I'm so very sorry, PJ.  Zoey was a doll and was so lucky to have you and your husband for parents. Hang in there. You guys are in all of our thoughts.


----------



## cylaura (Jan 13, 2011)

Oh, PJ, I am so, so sorry. I know how much you loved Zoey and how lucky she was to have found her forever home with you. My thoughts are with you guys. Thank you so much for always sharing your sweet stories of her here with us. HUGS!


----------



## LizardGirl (Aug 25, 2008)

Oh no! I'm so sorry she had to move on, poor sweet girl... (hugs to you)


----------



## MomLady (Aug 14, 2010)

Hugs to you.

I am so sorry for your loss. 

I'm glad she was rescued by you. 

I have such a big lump in my throat. So sorry.

Donna


----------



## Christemo (Oct 5, 2011)

I'm so, so sorry.


----------



## sweetergrrrl (May 5, 2009)

Link and I are sending hugs to you, hedge-dad and Cholla. I am sorry to see Zoey go, she was a character!! 

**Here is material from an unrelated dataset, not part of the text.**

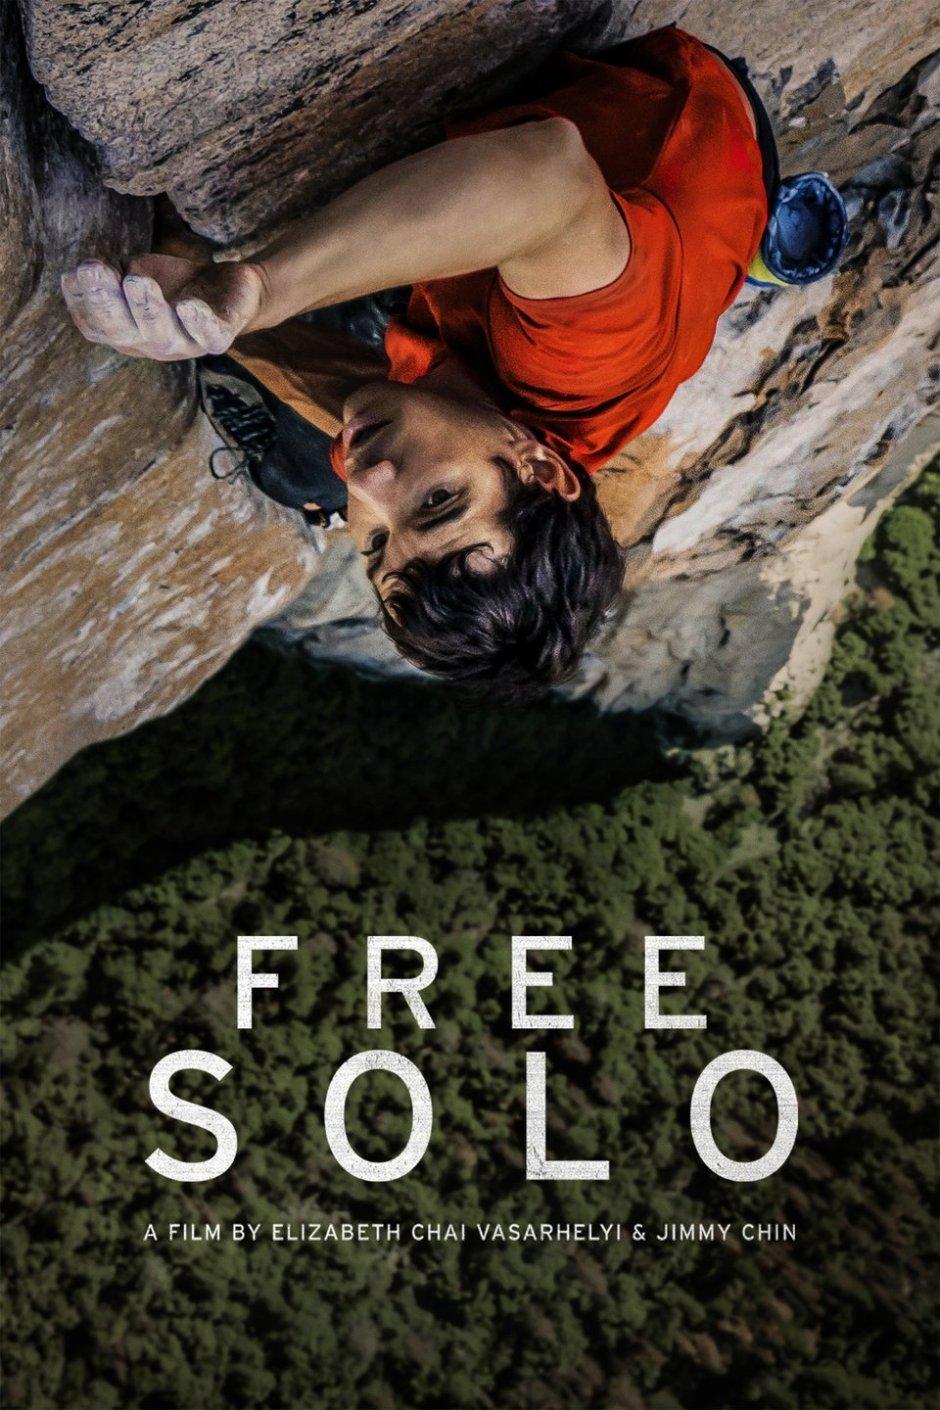 FREE SOLO POSTER YOSEMITE PRE TRIP 4-19.jpg

These posts always make me realize how precious Link and my Hammys are. I am going to get Link out right now for an afternoon of cuddle time.


----------



## SquiggyTheHedgie (Jul 26, 2011)

Sweet Zoey, may you rest in peace knowing you were loved so very much by your family. You will be greatly missed.


----------



## shetland (Sep 2, 2008)

I was shocked and the tears burned my eyes. Our little angel Zoey really was an angel now. I remember something my good friend Nikki (MaMa to the late beloved Geoffrey) told me when my most loved Skeeter died. She told me that the reason why it hurt so much is that he brought me so much love and joy. I am sure the same is true of sweet Zoey. Imagine, an angel with that adorable face and priceless grin.


----------



## tie-dye hedgie (Dec 19, 2009)

PJ and Triple-H, 
I am so, so, very sorry to hear. Many hugs and prayers go to you two, as well as Cholla and Pepper. I posted in your thread of the painting of Zoey, I thought it was one of the best paintings you have ever done. Rest in Peace Zoey.


----------